If it does not we need to change the paginator procs to support this way of doing it.

So in essence I gues I am now recommending voting against my own proposal! Sorry.

I will do some more work and then propose something more suitable.

Regards
Richard

Richard ... while openacs.org was down for upgrade this weekend I worked on pagination for the forums package, using list builder, and now understand it thoroughly.

I also understand how to make it paginate very quickly, and think I can hack it up to do so without having to modify any of the client code.

I think this will make use of Jon's pagination code unnecessary, i.e. we'll want to recommend use of list builder and deprecate use of the existing paginator.

The reason it's so slow now is that it uses the paginator but inefficiently.  Rather than go into endless details I think I'll just fix it.

I would actually like to investigate writing a version of list builder that combines the multirow functionality afterwards. The current mechanism - call a list builder proc which then sets global structures for magic tcl procs you call embedded in .xql files to modify your query in ways that fit the needs of the listtemplate tag - seems like a gawdawful kludge to me.  By combining the functionality it could, among other things, do reasonably efficient pagination using the display query itself wrapped appropriately in LIMIT/OFFSET rather than require a separate prepare-for-pagination query as is necessary now.

Don,

I knew that you were working on this (secretly hoped you would post here!!).

I can't tell you how relieved I am to hear that you have worked through this issue because it would have taken me many days and a lot of experimentation before I fully understood it. I had concluded that there seemed to be a lot of surplus munching going on and was thinking along the lines of proposing to do what you have just suggested.

From my reading so far, even if you specified all the page parameters correctly, the paginator was still asking postgres to run through the entire unfiltered dataset (actually more than once) before arranging the required page.

It seems to me that the best way to paginate data is to ask postgres to do it (as in Jon's code). We don't need to import Jon's code to achieve this but as you say, we would need to make sure that the result of the user clicking on a url is a query that returns only the data required for the selected page, and in the correct order - and nothing more.

I have used 'Limit' and 'Offset' for paginating a 3000 row dataset and it is a really fast way to restrict the results. So any means of exposing this functionality through list builder gets my vote.

If there is anything that I can do to help please let me know.

Regards
Richard

The paginator, which listbuilder is using, requires you to first fill a cache of row ids for the entire data structure being displayed.  You then query display information using specific row ids from that cache.

Filling the cache is very slow if you have a large datastructure, for instance 5,600 threads in a forum like we do in the openacs Q&A forum.  The query itself's not too bad, it's pulling the rows out of the rowset and stuffing them into an nsv cache variable that's taking most of the time.

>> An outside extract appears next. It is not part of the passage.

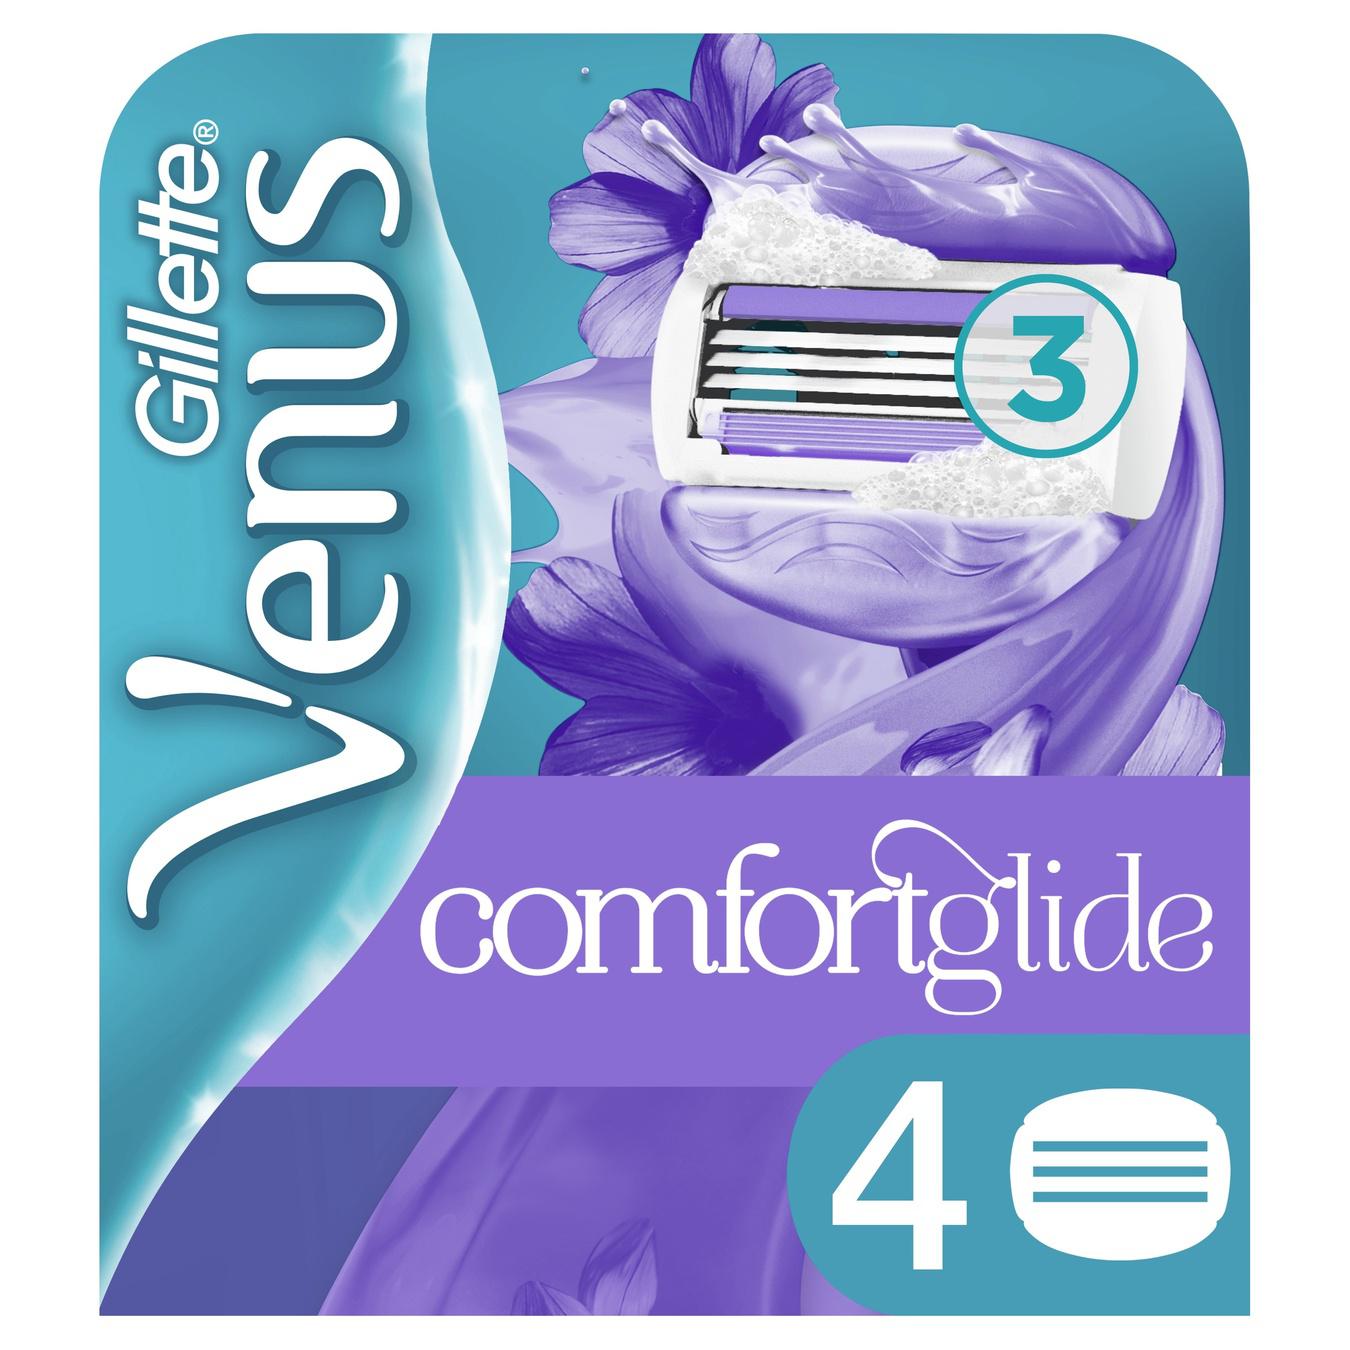 Кассеты Gillette Venus Comfort Glide Breeze сменные для бритья 4шт
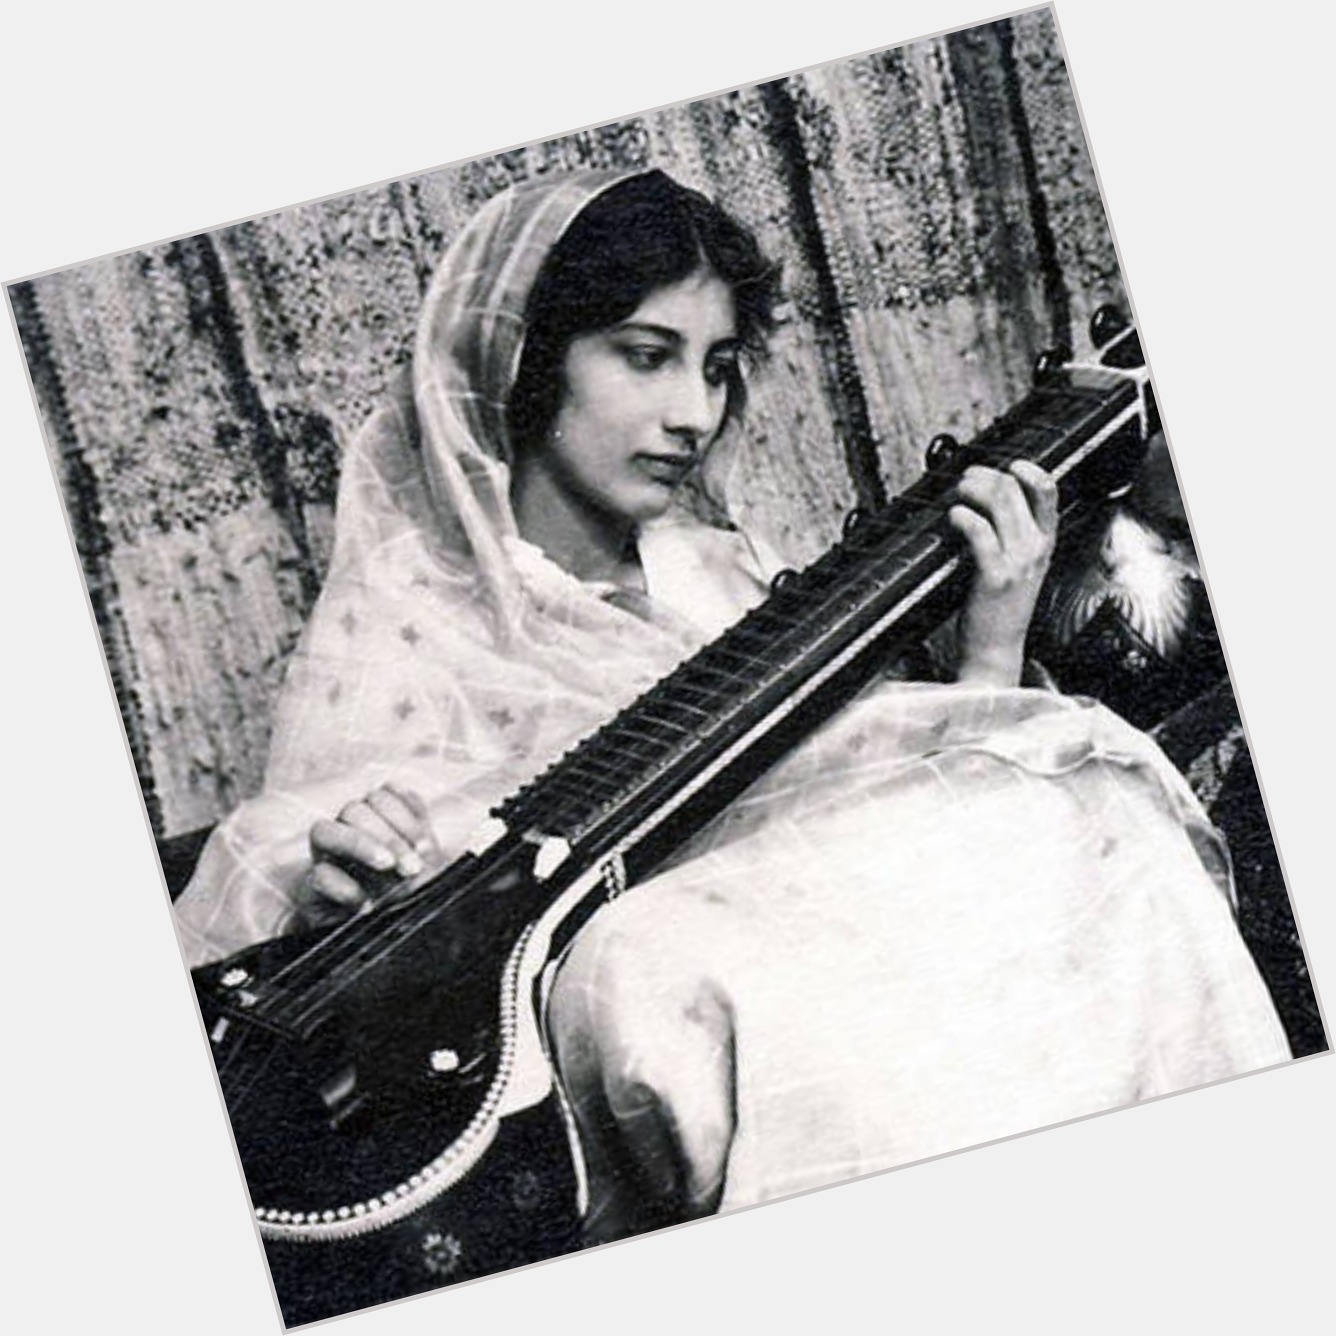 <a href="/hot-women/noor-inayat-khan/where-dating-news-photos">Noor Inayat Khan</a>

The design philosphy behind the paginator seems to be "pay a fairly steep up-front cost so accessing every page afterwards costs roughly the same".

This isn't good.  Normally people are going to reference more recent threads, blog entries, bugs sorted by some criteria, etc.  LIMIT/OFFSET and Oracle ROWNUM tricks are faster for early entries in the rowset than those at the end, but that's OK given common usage patterns.  Besides both Oracle and PG implement these constructs quite well, we don't really care if accessing the very first thread in the openacs Q&A forum takes a couple of tenths of a second longer than accessing the most recent one.

To put it bluntly the paginator's a bit evil and I'll just rewrite list builder to not use it, except perhaps the bits that generate that nice navigation bar.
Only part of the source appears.